DATASET EXCERPT:
____________________
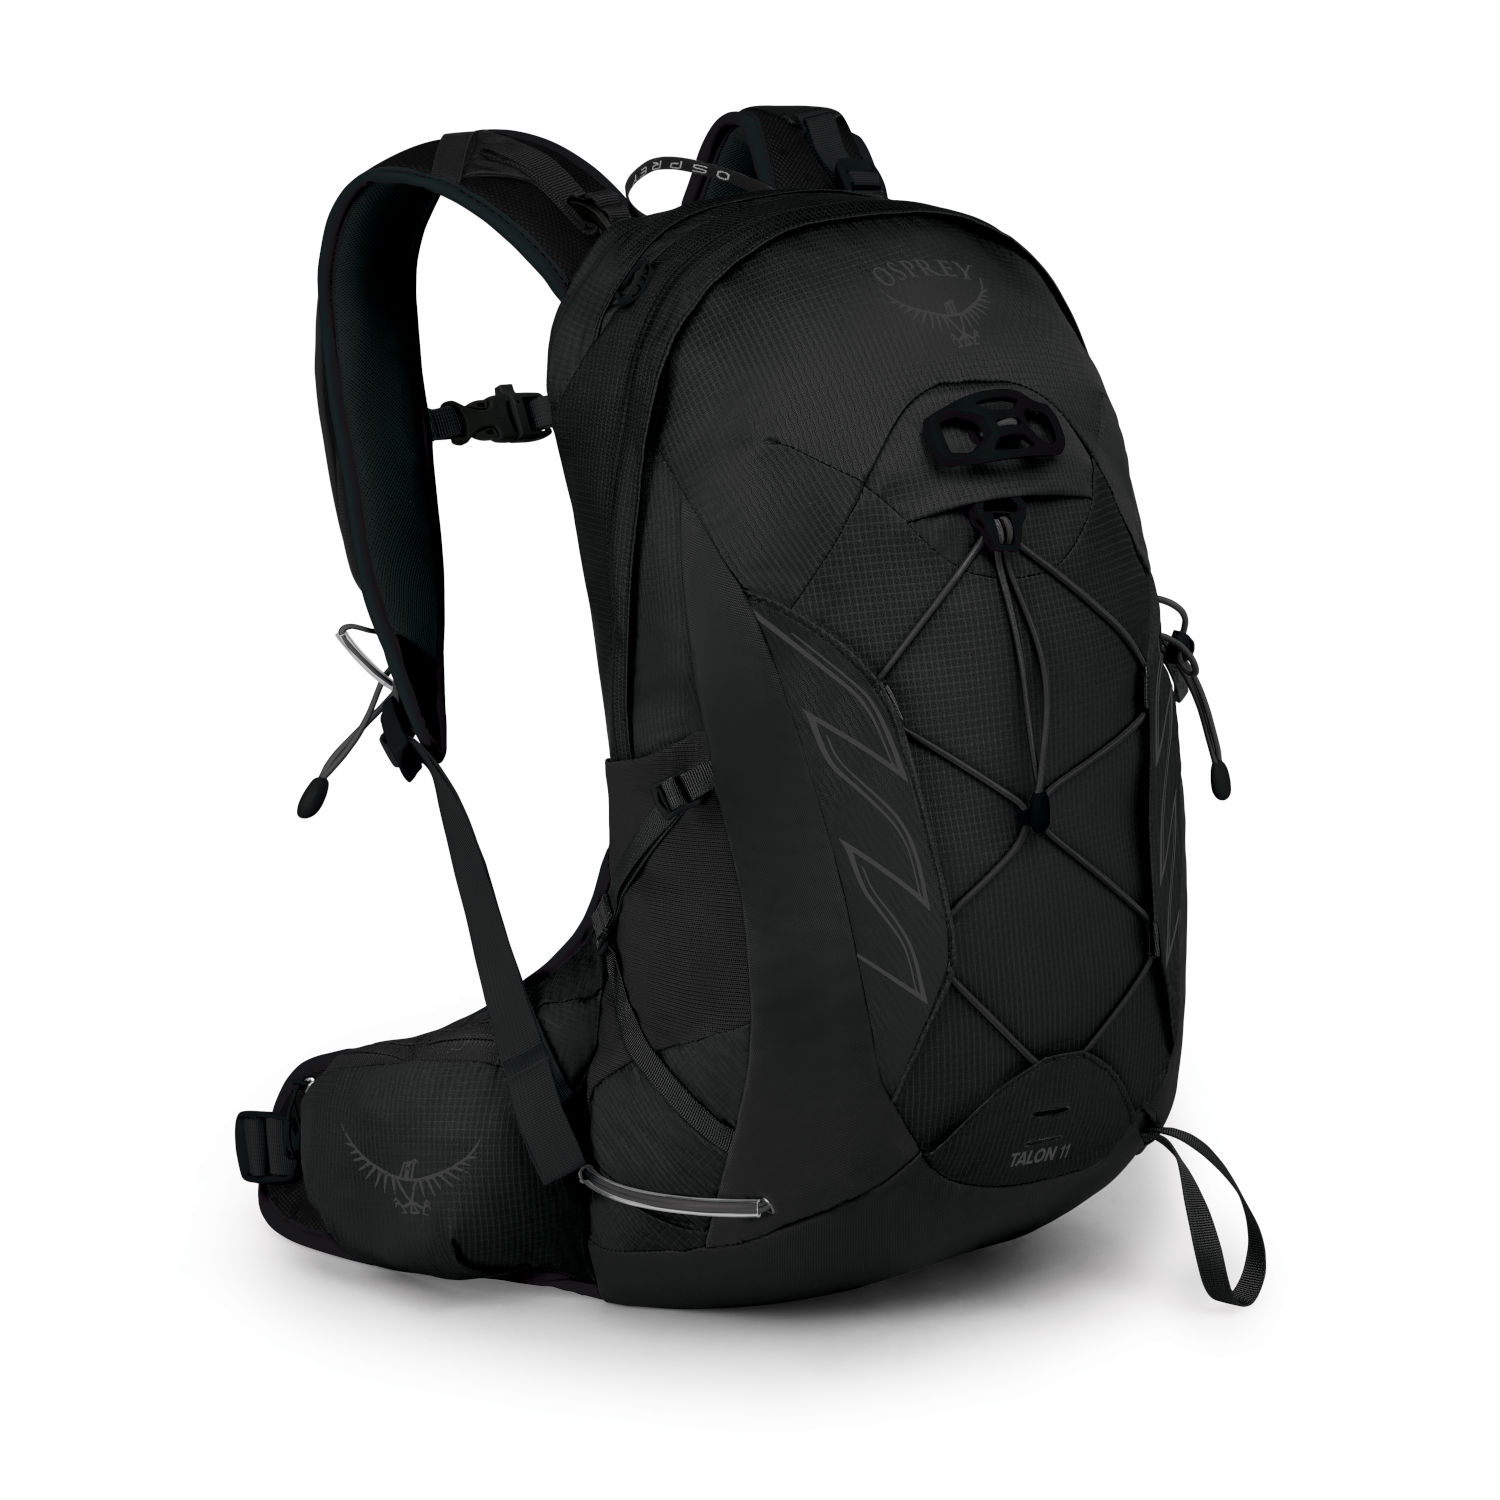 Productfoto van Osprey Talon 11 Backpack - Stlth. Black
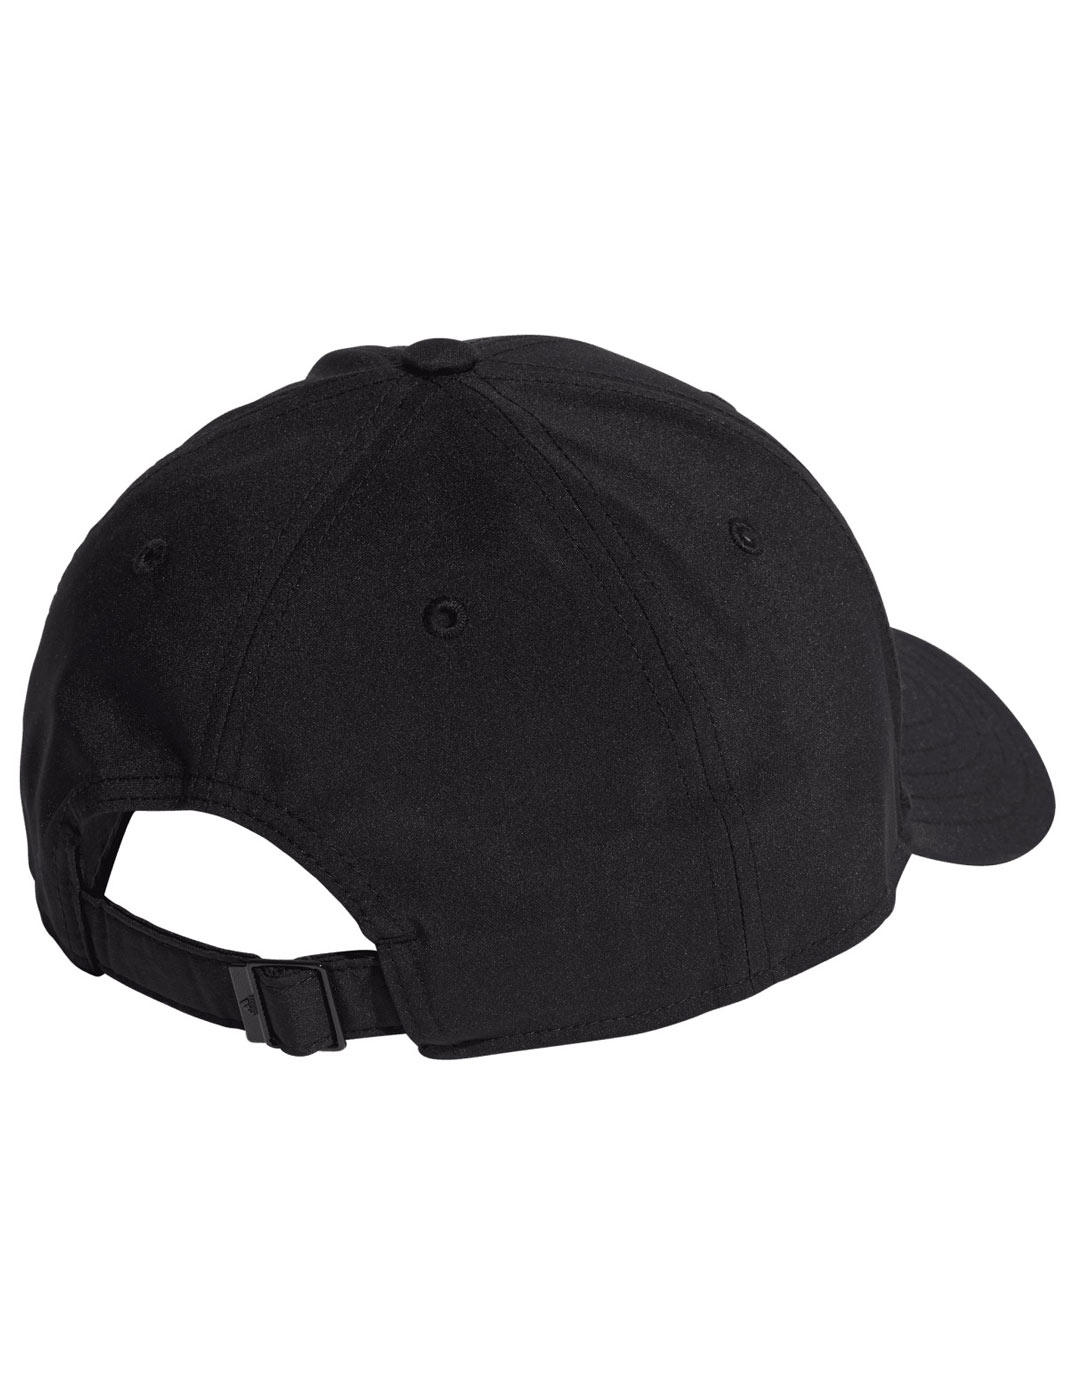 gorra adidas BALLCAP negro
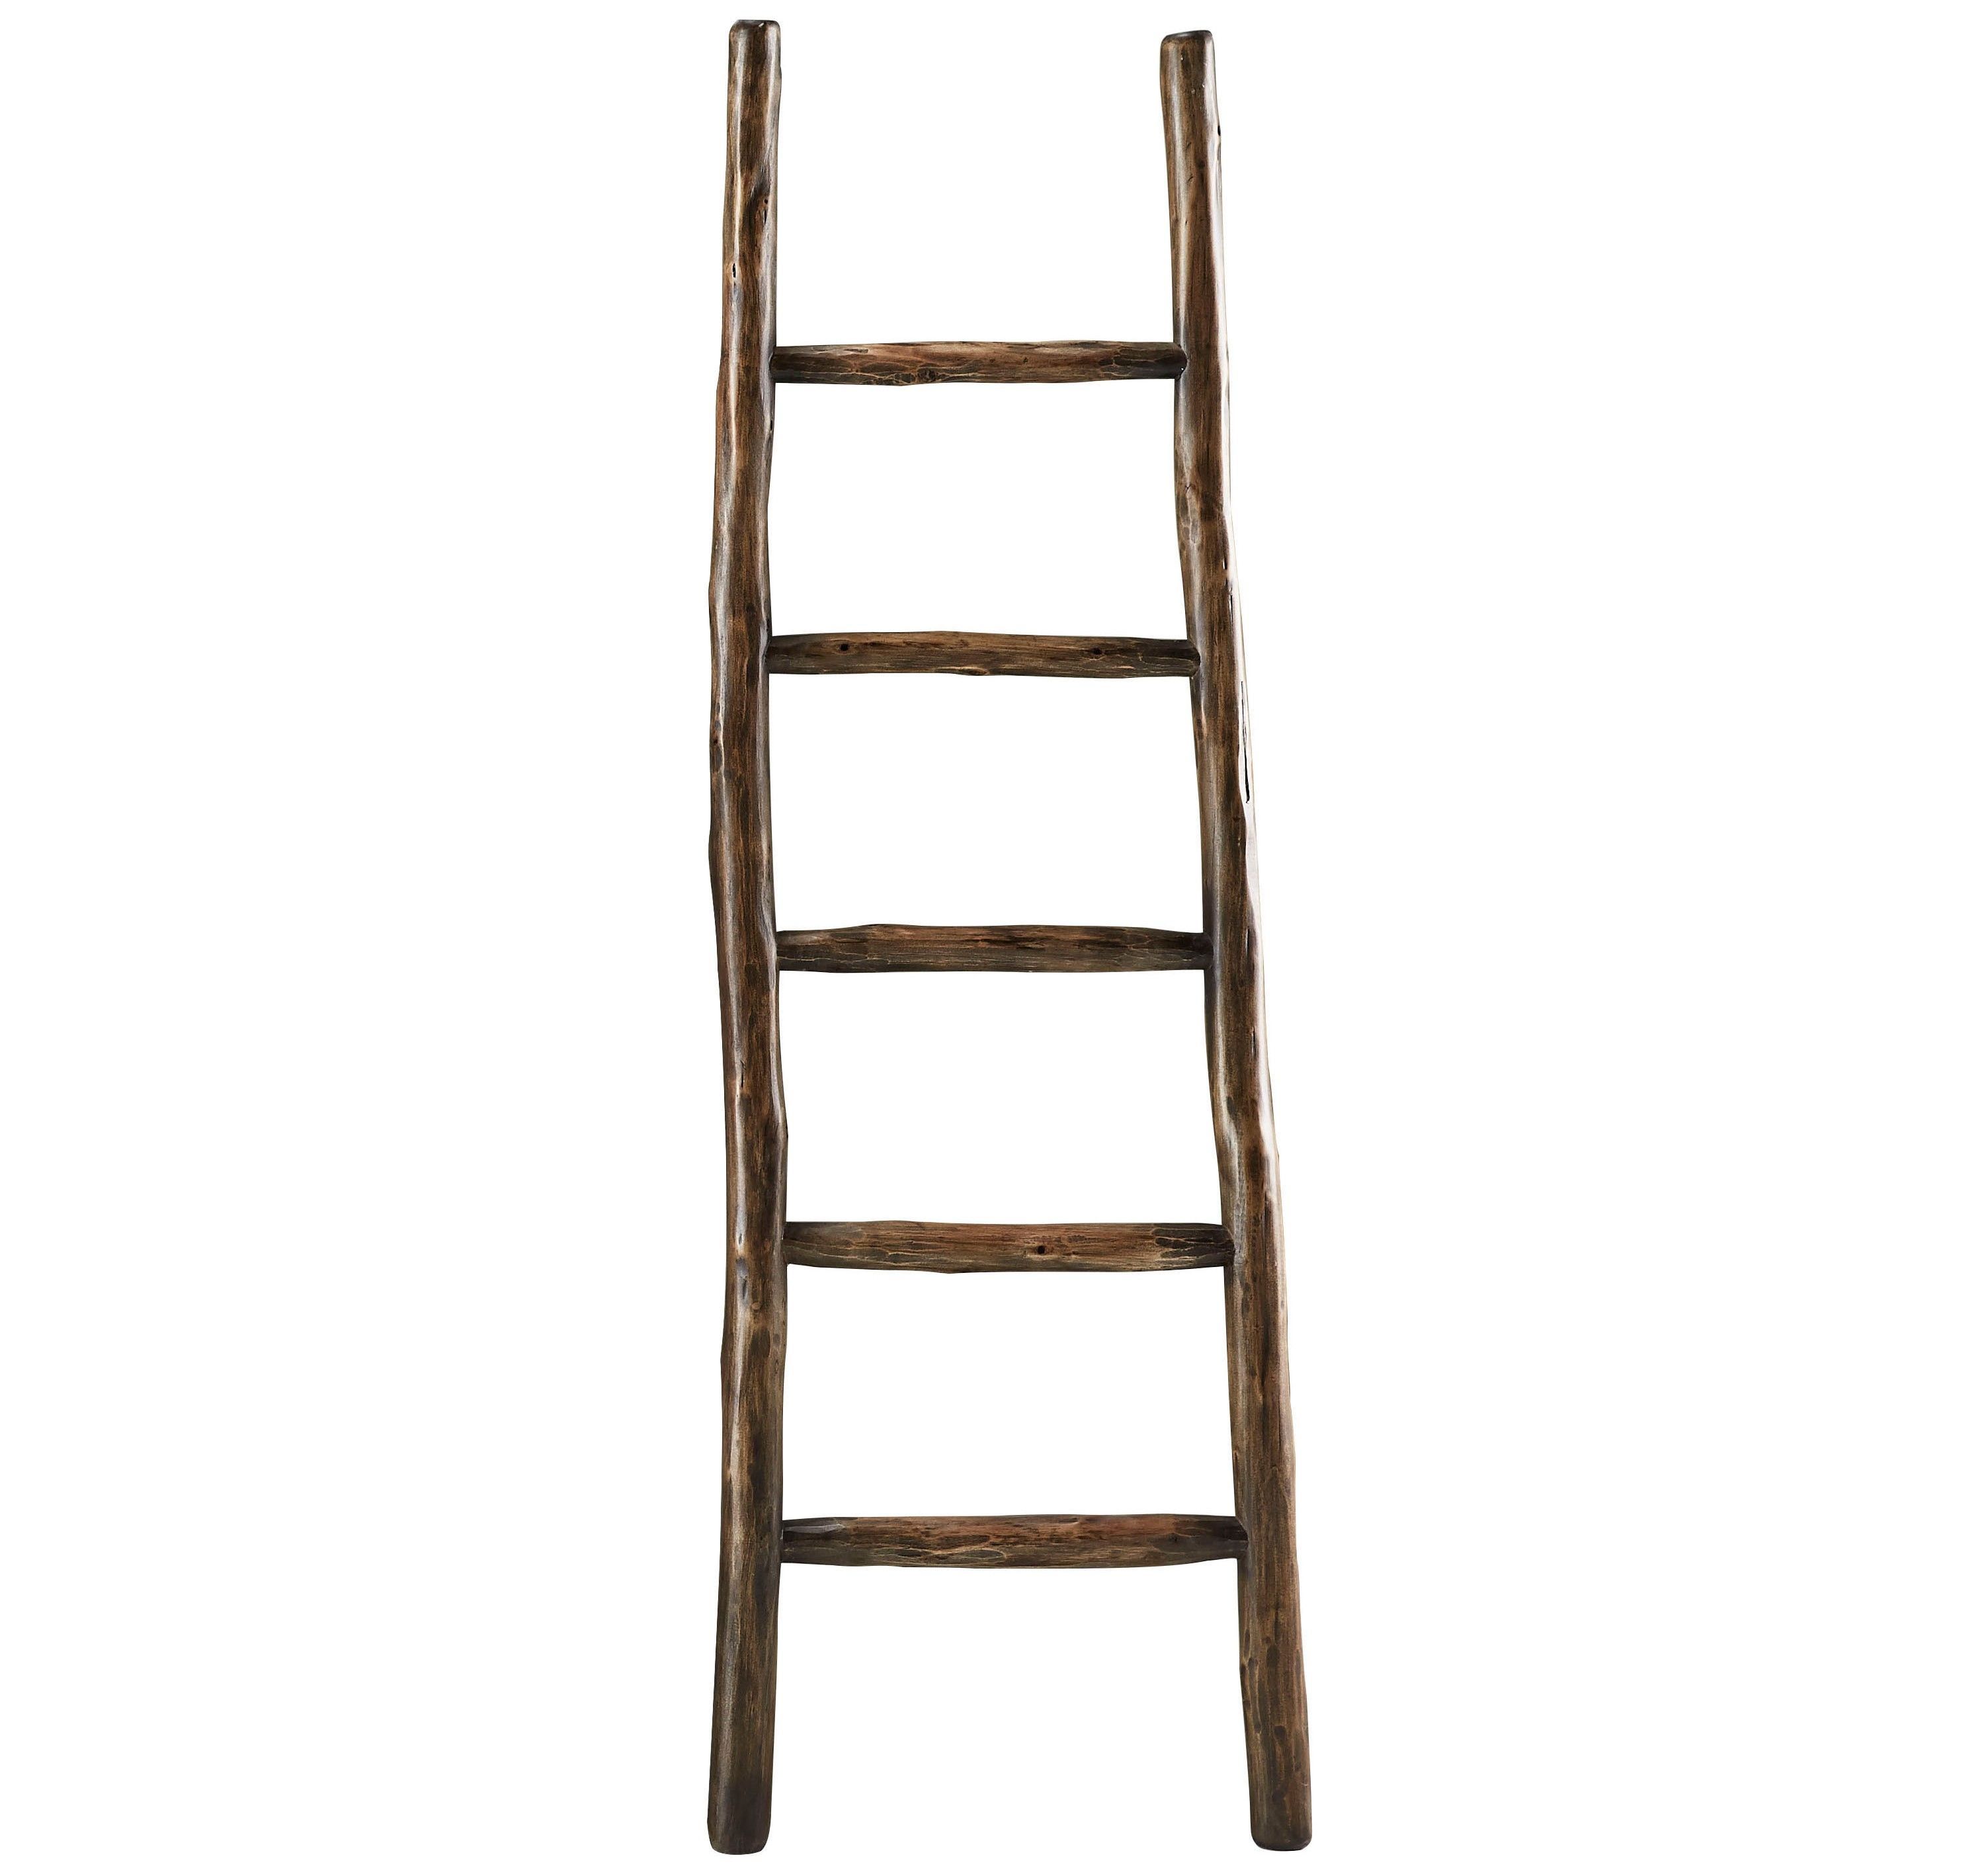 A212-10f 68 X 24 X 3 In. Millie Blanket Ladder - French Roast
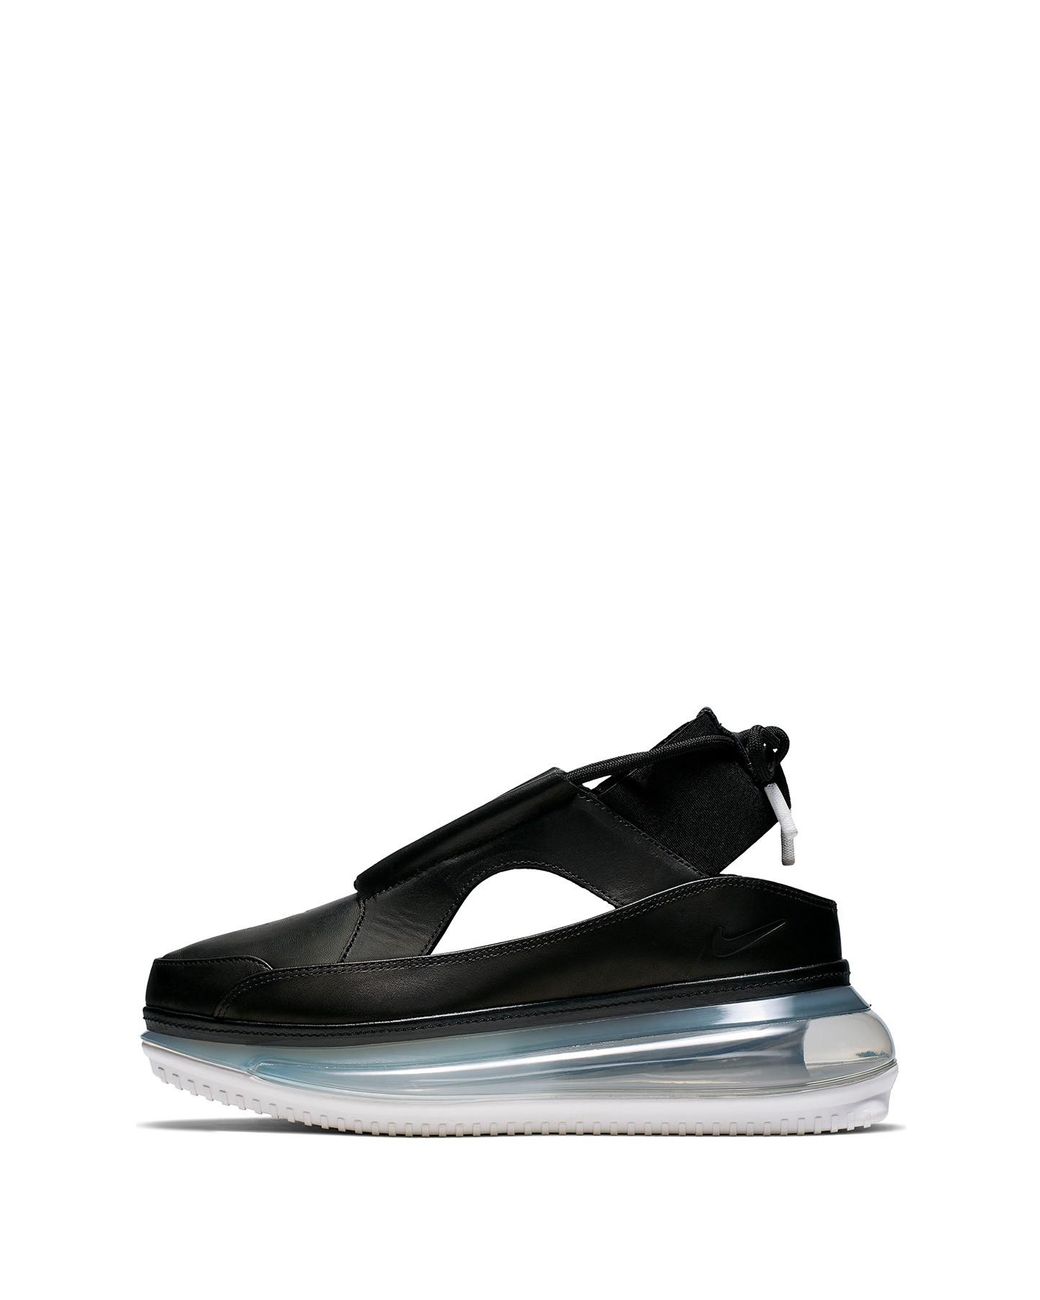 Thermal Brawl Superiority Nike Air Max Ff 720 Shoe in Black | Lyst
____________________
ASSIGNMENT: Extract, word for word, every line from the one containing "A212-10f 68 X" to the end of the data above, both ends included, and leave out the pictures.

EXERCISE SOLUTION:
 A212-10f 68 X 24 X 3 In. Millie Blanket Ladder - French Roast
 Thermal Brawl Superiority Nike Air Max Ff 720 Shoe in Black | Lyst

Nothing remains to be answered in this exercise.